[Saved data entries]
┄┄┄┄┄┄┄┄┄┄┄┄┄┄┄┄┄┄┄┄
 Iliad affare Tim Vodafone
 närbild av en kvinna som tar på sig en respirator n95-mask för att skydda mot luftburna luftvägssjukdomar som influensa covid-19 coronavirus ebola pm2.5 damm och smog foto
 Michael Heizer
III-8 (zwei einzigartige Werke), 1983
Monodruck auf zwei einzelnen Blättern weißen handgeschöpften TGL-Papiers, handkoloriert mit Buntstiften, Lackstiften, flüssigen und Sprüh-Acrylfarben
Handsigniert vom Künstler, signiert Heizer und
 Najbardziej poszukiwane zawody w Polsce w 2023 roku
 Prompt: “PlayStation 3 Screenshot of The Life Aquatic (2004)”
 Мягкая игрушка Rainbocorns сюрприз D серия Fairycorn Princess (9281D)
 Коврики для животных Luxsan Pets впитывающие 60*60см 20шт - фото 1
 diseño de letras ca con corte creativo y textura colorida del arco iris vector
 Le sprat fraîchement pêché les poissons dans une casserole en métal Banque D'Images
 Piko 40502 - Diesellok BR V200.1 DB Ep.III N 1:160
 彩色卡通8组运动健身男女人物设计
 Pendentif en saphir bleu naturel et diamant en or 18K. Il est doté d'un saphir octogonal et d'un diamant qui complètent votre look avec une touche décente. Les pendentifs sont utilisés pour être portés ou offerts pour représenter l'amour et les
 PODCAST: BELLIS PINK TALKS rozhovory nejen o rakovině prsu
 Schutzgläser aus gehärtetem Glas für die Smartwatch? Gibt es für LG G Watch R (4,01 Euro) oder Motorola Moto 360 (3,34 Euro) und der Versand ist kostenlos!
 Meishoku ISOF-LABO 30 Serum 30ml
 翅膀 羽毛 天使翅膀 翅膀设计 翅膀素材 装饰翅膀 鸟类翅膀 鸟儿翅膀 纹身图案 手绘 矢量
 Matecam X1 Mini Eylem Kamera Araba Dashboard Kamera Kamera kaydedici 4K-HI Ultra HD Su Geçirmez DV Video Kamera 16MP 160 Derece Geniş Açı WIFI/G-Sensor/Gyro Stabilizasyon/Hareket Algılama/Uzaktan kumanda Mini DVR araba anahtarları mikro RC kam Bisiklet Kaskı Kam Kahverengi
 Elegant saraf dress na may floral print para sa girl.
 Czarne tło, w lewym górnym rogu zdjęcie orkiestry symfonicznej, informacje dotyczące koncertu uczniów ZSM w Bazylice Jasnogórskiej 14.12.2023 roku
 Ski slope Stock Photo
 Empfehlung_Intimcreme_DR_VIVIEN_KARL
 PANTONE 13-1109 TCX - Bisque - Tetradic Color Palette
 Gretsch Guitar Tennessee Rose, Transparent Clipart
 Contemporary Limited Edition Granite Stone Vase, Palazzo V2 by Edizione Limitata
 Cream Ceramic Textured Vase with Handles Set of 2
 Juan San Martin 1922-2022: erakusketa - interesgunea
┄┄┄┄┄┄┄┄┄┄┄┄┄┄┄┄┄┄┄┄
## Aim of the exercise
Print again the lines of the entries above that fall between the line holding "Michael Heizer" and the line holding "Schutzgläser aus gehärtetem", inclusive, exactly as they stand.

## Exercise response
 Michael Heizer
III-8 (zwei einzigartige Werke), 1983
Monodruck auf zwei einzelnen Blättern weißen handgeschöpften TGL-Papiers, handkoloriert mit Buntstiften, Lackstiften, flüssigen und Sprüh-Acrylfarben
Handsigniert vom Künstler, signiert Heizer und
 Najbardziej poszukiwane zawody w Polsce w 2023 roku
 Prompt: “PlayStation 3 Screenshot of The Life Aquatic (2004)”
 Мягкая игрушка Rainbocorns сюрприз D серия Fairycorn Princess (9281D)
 Коврики для животных Luxsan Pets впитывающие 60*60см 20шт - фото 1
 diseño de letras ca con corte creativo y textura colorida del arco iris vector
 Le sprat fraîchement pêché les poissons dans une casserole en métal Banque D'Images
 Piko 40502 - Diesellok BR V200.1 DB Ep.III N 1:160
 彩色卡通8组运动健身男女人物设计
 Pendentif en saphir bleu naturel et diamant en or 18K. Il est doté d'un saphir octogonal et d'un diamant qui complètent votre look avec une touche décente. Les pendentifs sont utilisés pour être portés ou offerts pour représenter l'amour et les
 PODCAST: BELLIS PINK TALKS rozhovory nejen o rakovině prsu
 Schutzgläser aus gehärtetem Glas für die Smartwatch? Gibt es für LG G Watch R (4,01 Euro) oder Motorola Moto 360 (3,34 Euro) und der Versand ist kostenlos!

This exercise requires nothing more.